March 20, 2006


The second convening of Columbia Knit Night starts in four, count 'em, four hours!

Columbia Knit Night
Monday, 20 March
Panera Bread
6435 Dobbin Road
Columbia, MD 21045

Hope we see you there!

Sampler Stole

1.5 borders, and then just the edging, still letf to knit.

March 17, 2006


Thanks for all the positive feedback on the lace series! I had no idea it would get such a response - I'm trying to catch up with emails, but in the meantime, cheers to everyone who said such lovely things, and big thanks to everyone who's provided clarifications and otherwise picked up my slack. To answer a common question, I do not use any kind of knitting software, either for drafting patterns, for sizing, for chart-making or for drawing the illustrations. I've never tried Sweater Wizard, et al, though I know lots of people have good experiences with them - I guess I'm just a luddite in that I don't quite trust them. Then, too, in the patterns I'm trying to work out right now, there are lots of fiddly little details that couldn't really be translated - gauge math and sizing math are easy enough that pen and paper work fine for me, and it's a lot easier for me to visualize exactly what I want that way.
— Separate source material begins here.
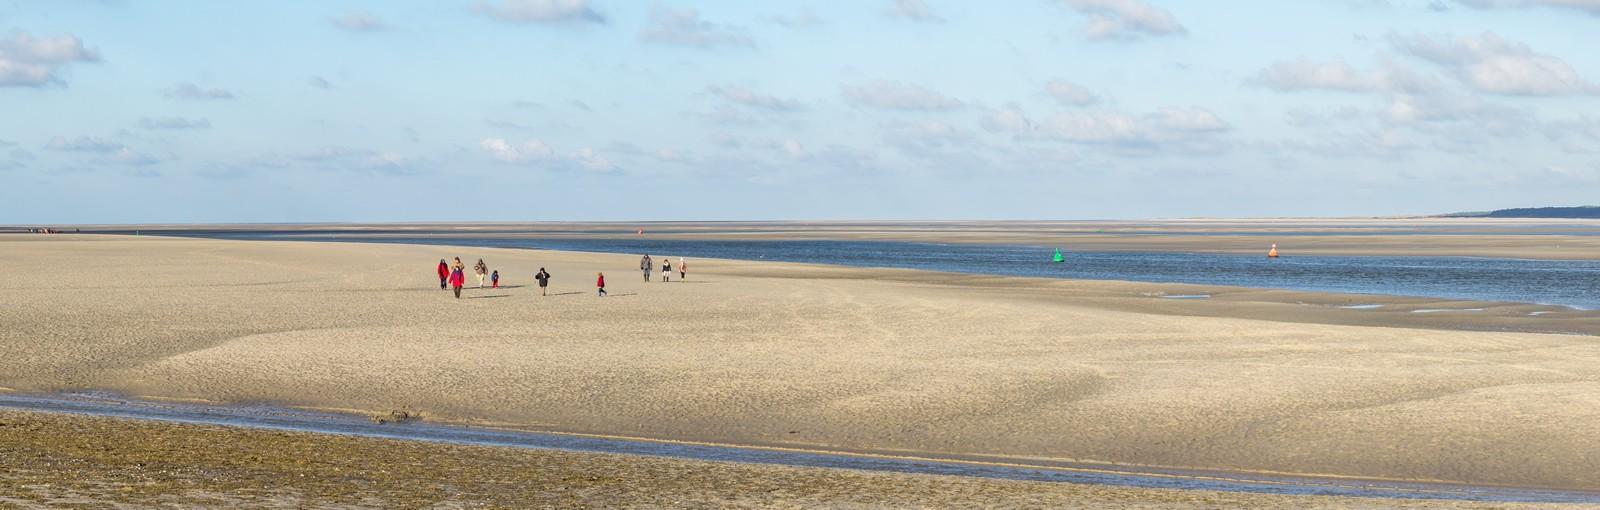 Baie de Somme - Le Hourdel

I draw all my charts in PhotoShop CS like this: create a 25x25px jpg for every symbol you use. Open those up and copy and paste them as needed into a new layer in a blank document with gridlines every 25px. To get a printing grid, open a blank 25x25px document, draw a 1px line at the very top and at the very left side, flatten it and save it as a jpg. Choose "select all", set it as a pattern, go back to your chart, and fill a new layer with the pattern. Then choose "select color" in that layer, choose "highlight", and hit clear or delete to take away the white background and leave only the black grid visible. The same process can be done with a 250x250px grid and thicker lines to mark off every 10 squares. Flatten the image and resize at the end.

The diagrams I do are all drawn in Illustrator CS - I just take an ellipse and subtract a smaller ellipse from it to get a stitch shape. I fiddle with it until it until it looks right, and then create "building blocks" - stitches arranged as in k2tog, stitches arranged as in ssk, etc - and then just duplicate and paste away. I futz as I go to make sure everything lines up and looks right, and occasionally you need to scissor and slice to get things in the right arrangement, but they're pretty easy and quick to make.
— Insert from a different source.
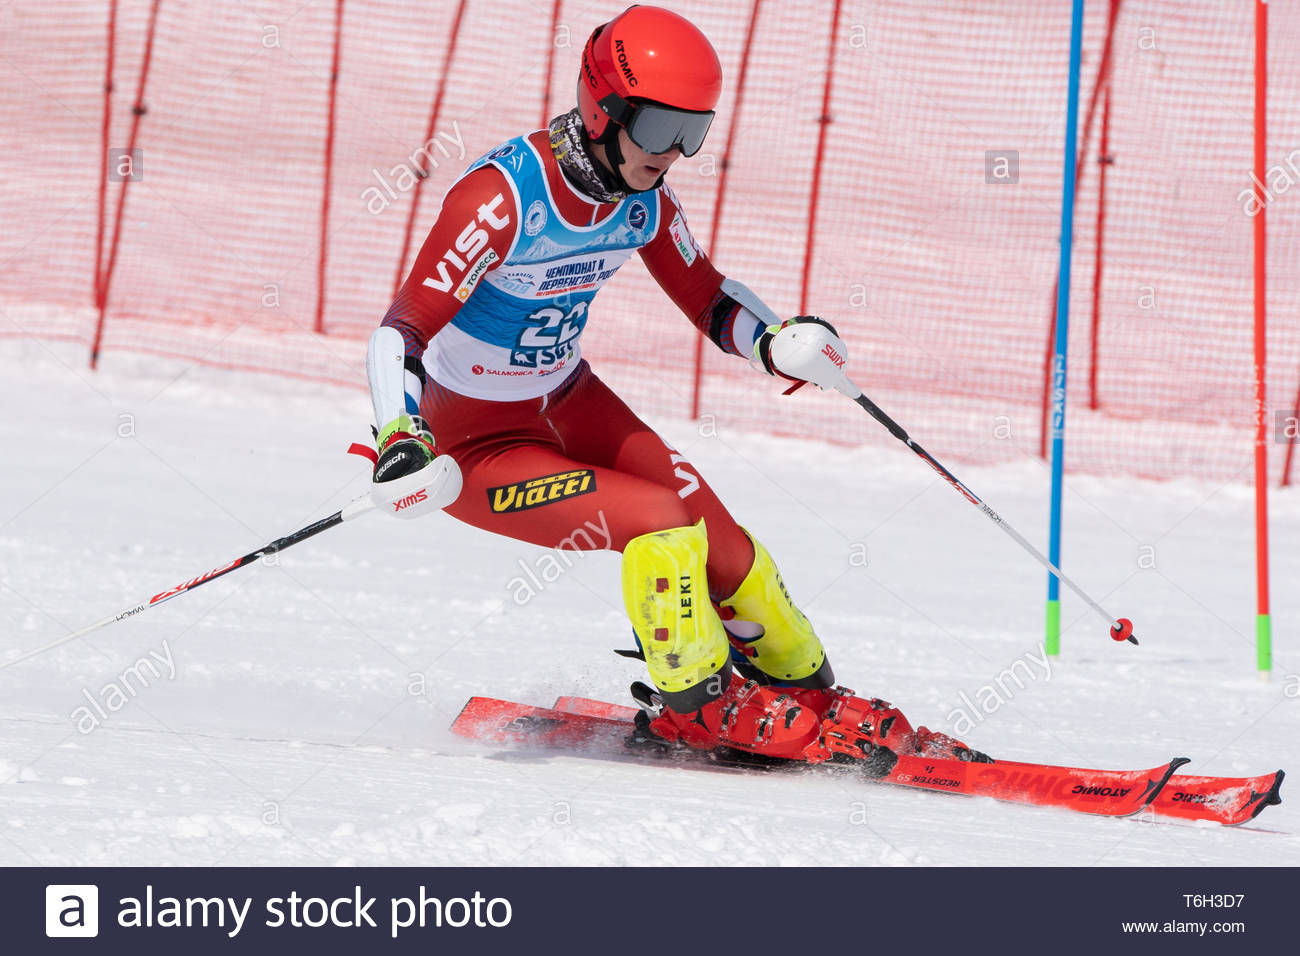 MOROZNAYA MOUNTAIN, KAMCHATKA, RUSSIA - MAR 28, 2019: International Ski Federation Championship, Russian Alpine Skiing Cup, slalom. Mountain skier Vla Stock Photo

Thanks for your generous comments about the stockings, too! I did knit two, but the first one had a lot of issues I was still working out and wasn't very pretty. That's why it's hidden inside the boot :)
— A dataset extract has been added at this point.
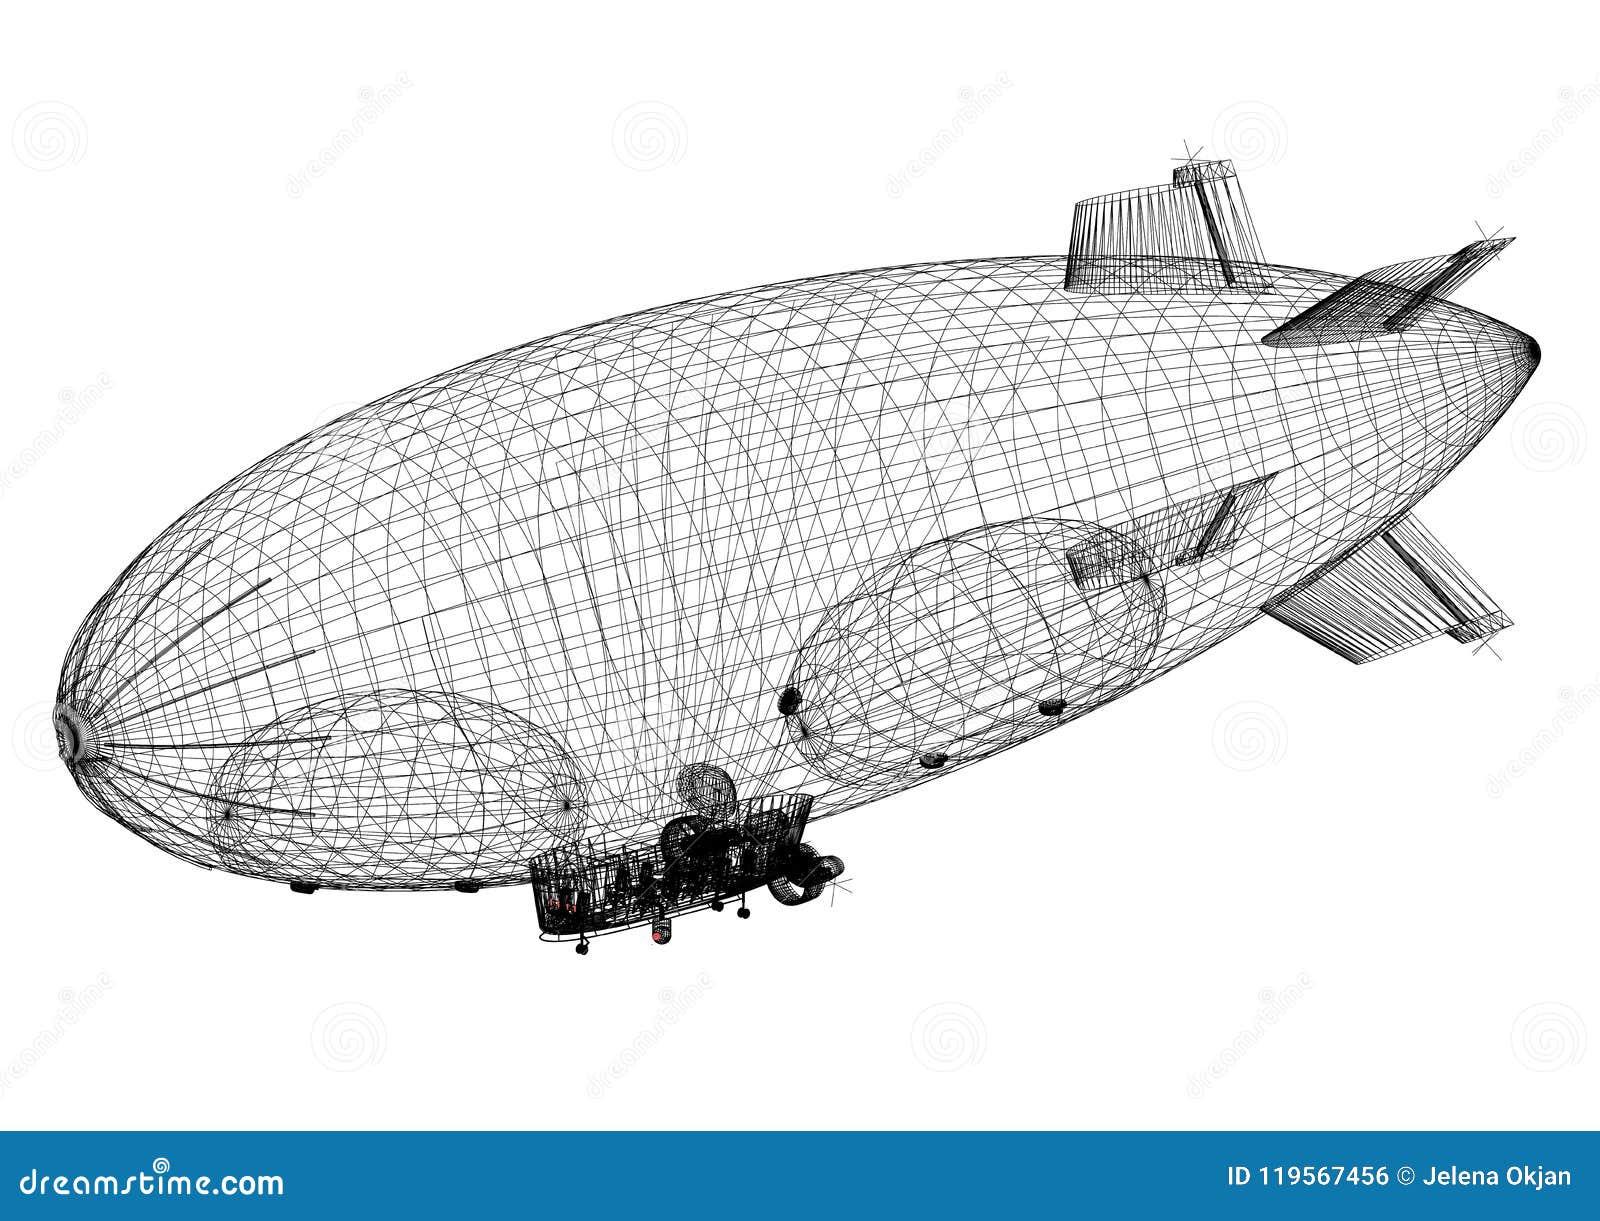 Airship design architect blueprint isolated stock illustration download airship design architect blueprint isolated stock illustration illustration of construction plane malvernweather Choice Image

The lace series picks back up tomorrow, I think - it takes me a couple days to get each entry together. In the meantime, check this out:

The center panel of the sampler stole, seven and a half repeats of the pattern, is done. What a difference a bit of pinning makes, eh? Here's what it looks like on the needle:

The garter stitch base creates a very compact, very drawn-in fabric (even more exaggerated since I'm using US0s instead of the US2s called for), and the unstretched piece is ripply and sort of...nipply, for lack of a better word. I've pinned it out only gently for the photo above - it's got a couple inches still in it in either direction, I think - but it already measures about 13x32 inches. There are two small (I think about 150 rows each) borders on either short side, and then the edging to go.

My mom's birthday is the 23rd. If I get serious about this and start knitting like usual (rather than lazily knitting a row here and a row there once in a while), it might be doable.